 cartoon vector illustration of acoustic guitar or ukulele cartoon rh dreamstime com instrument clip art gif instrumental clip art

* * *

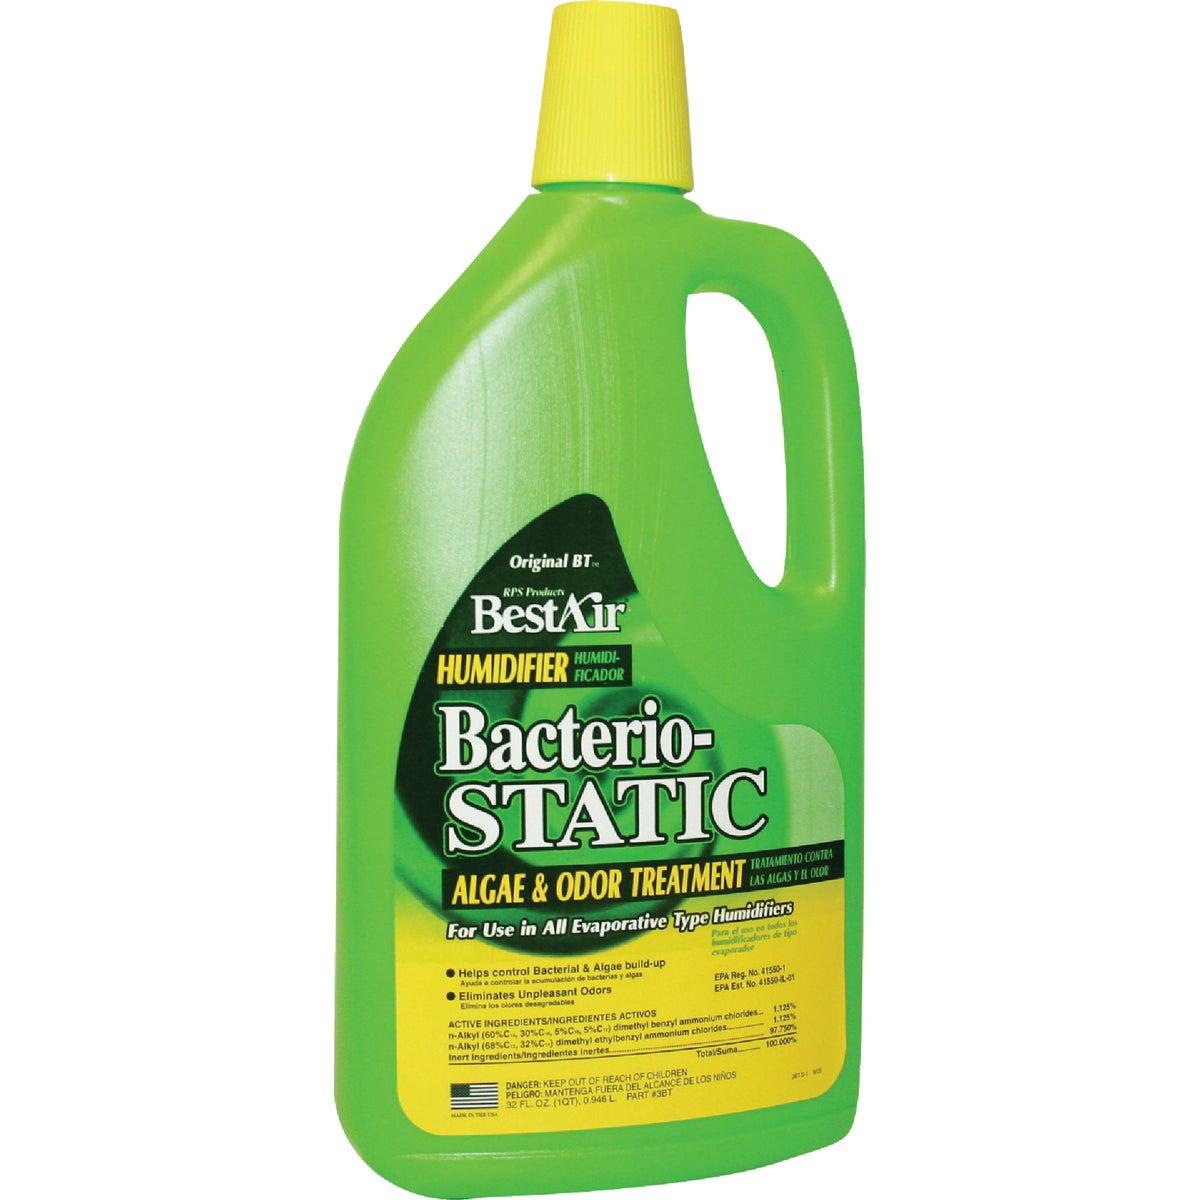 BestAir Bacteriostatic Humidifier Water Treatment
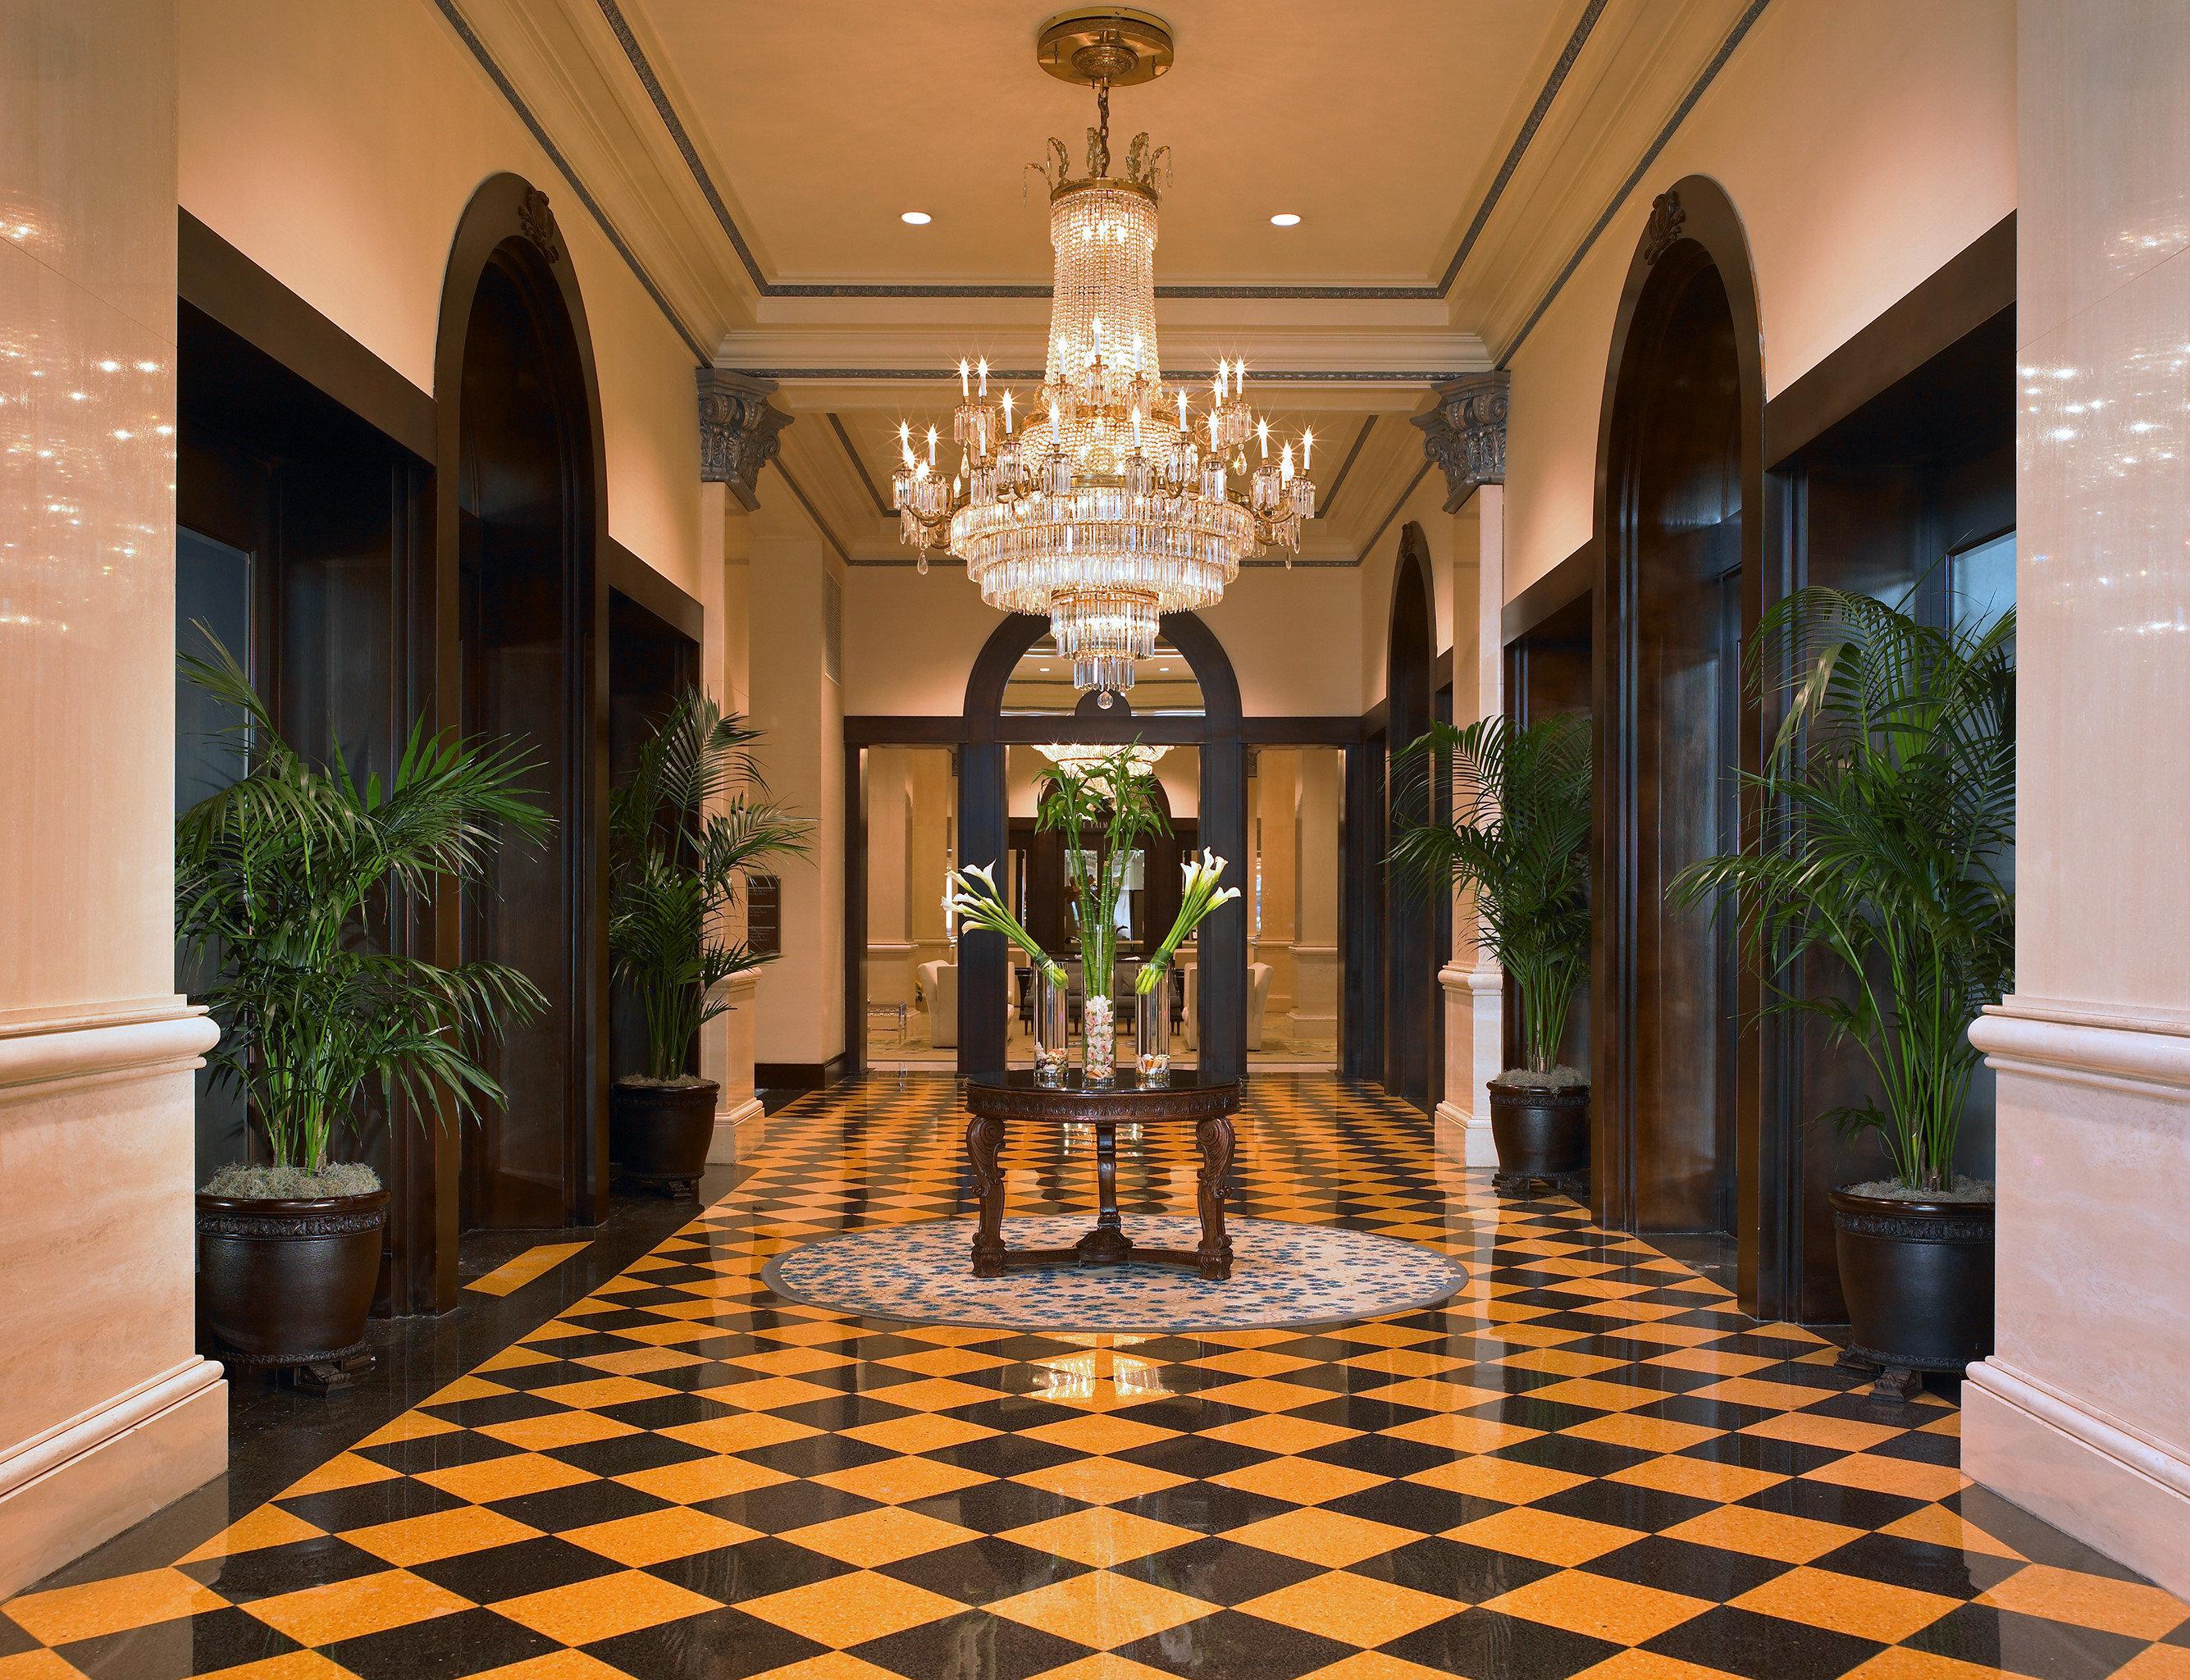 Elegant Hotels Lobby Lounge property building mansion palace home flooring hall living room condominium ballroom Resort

---

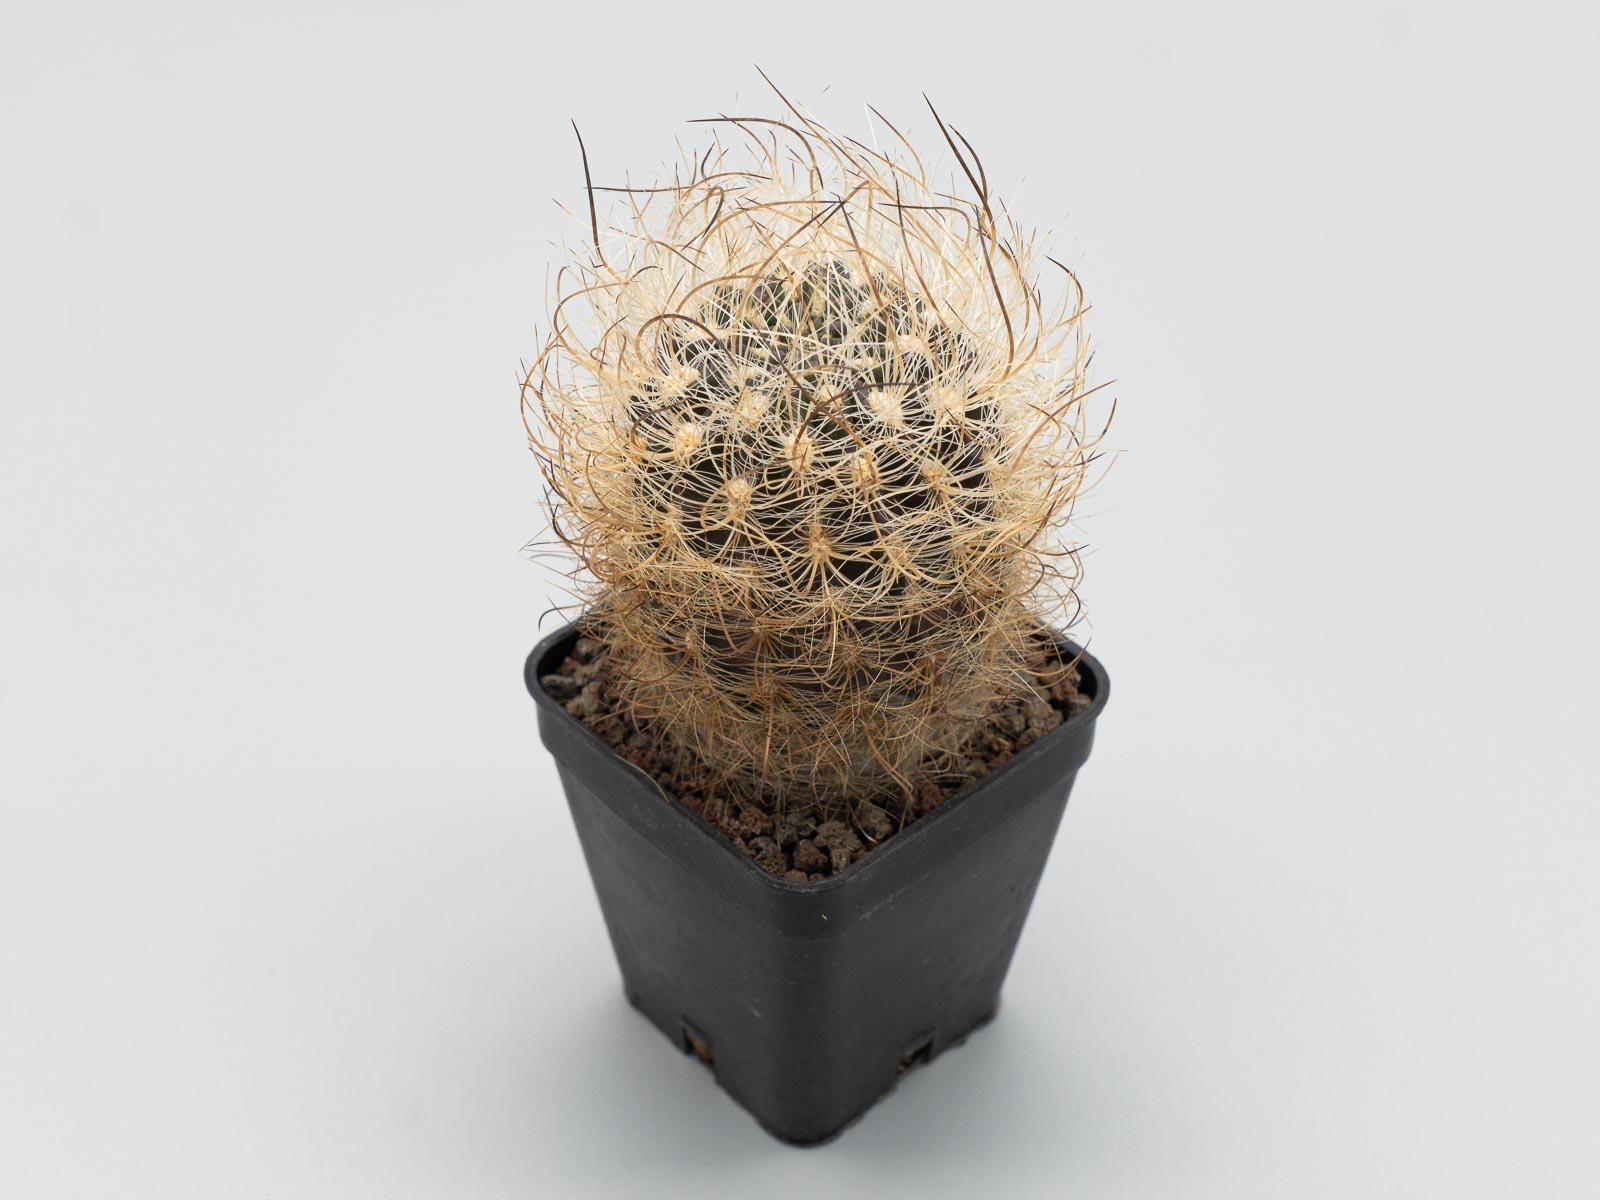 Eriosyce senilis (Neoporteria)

> What the task requires: In the listing above, find the line holding "BestAir Bacteriostatic Humidifier" and the line holding "Elegant Hotels Lobby". Reproduce those two lines and all between them exactly, leaving out pictures.

> Result below:
 BestAir Bacteriostatic Humidifier Water Treatment
 Elegant Hotels Lobby Lounge property building mansion palace home flooring hall living room condominium ballroom Resort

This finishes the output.